Aproveito para informar que desde a última semana também fui credenciada como Professora do PPG Comunicação da UFF e que apesar do meu nome ainda não estar no site atualizado, ele estará no edital de seleção para o próximo ano como possível orientadora que deve sair em meados de julho. Quem tiver interesse em cursar Mestrado ou Doutorado por essas bandas, fique atento. Estou feliz em estar de volta a uma instituição e a um programa de excelência após tantos percalços.
Desapareci por uns dias a mais do que planejava pois, o dia a dia caótico, um monte de trabalho (organização da conferência da Aoir, cada dia mais perto e edição de um dossiê, além de duas viagens de trabalho: Recife e depois Lisboa) somado à reflexão de estar chegando nos 50 anos em breve. Mas vejam, vou tentar não desviar do assunto hoje que foi algo que prometi: dicas para um relacionamento menos tóxico com o CV Lattes, afinal ele é mais duradouro que muito namoro por ai.

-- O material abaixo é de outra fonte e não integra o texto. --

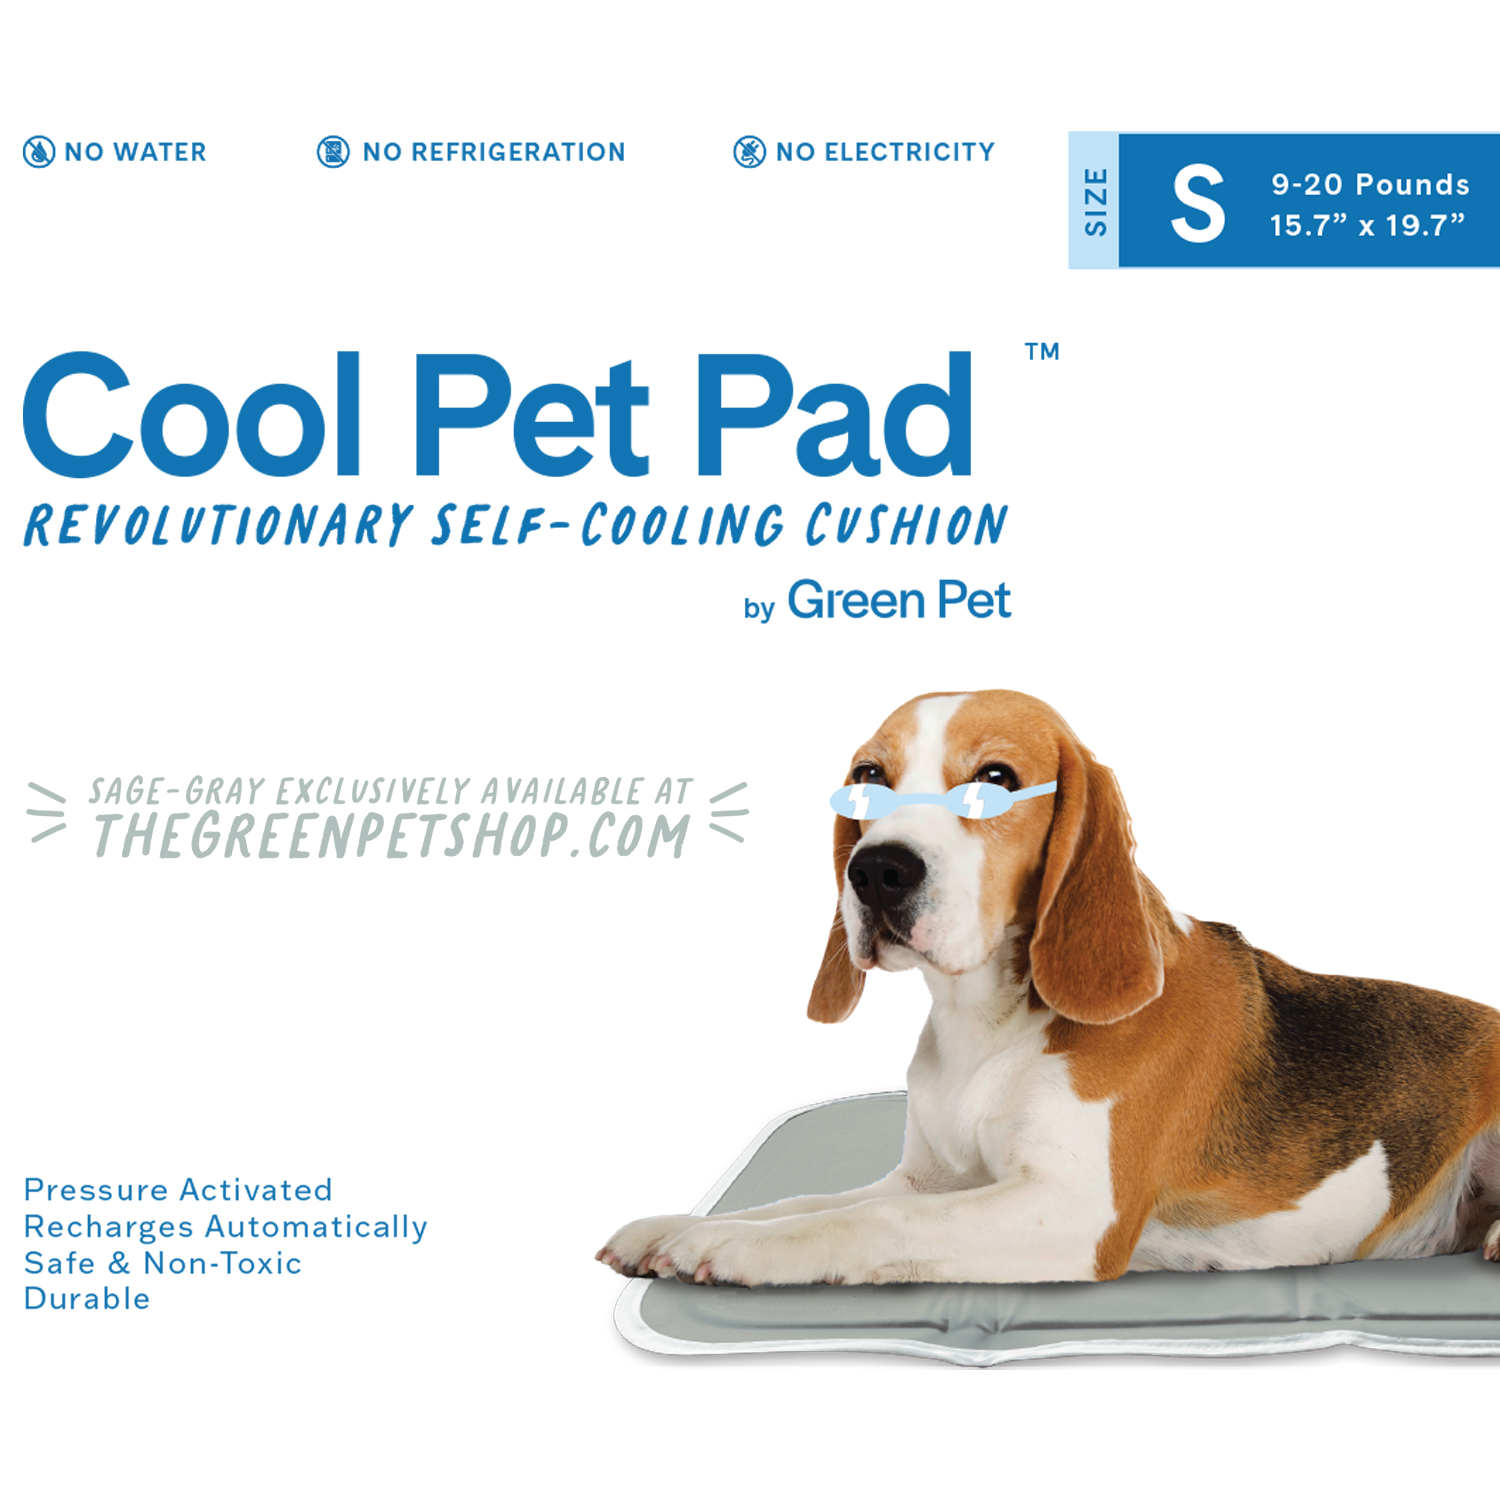 Chillz Dog Cooling Mat, Large - Pressure Activated Pet Cooling Mat for Dogs  - No Water or Refrigeration Needed - Non-Toxic Gel Cooling Pad, Ideal for

Lattes que eu tô passando…
A primeira coisa a se pensar sobre o Lattes é que ele é um documento de trabalho - como a sua carteira de trabalho se você é CLT ou a funcional do sou gov se você é servidor público - e que diferentemente do Linkedisney e outras plataformas, quando você preenche e atualiza as suas informações por lá você concorda que as informações que você está prestando são verdadeiras e que em caso você seja solicitado você tem como comprová-las. Lattes não é nem deveria ser motivo de ostentação ou de competição, e sim, possui a função de indicar o que fazemos e prestar contas à sociedade no sentido mais básico mesmo.
Minha mente já imaginando um conto de horror “A maldição do Lattes”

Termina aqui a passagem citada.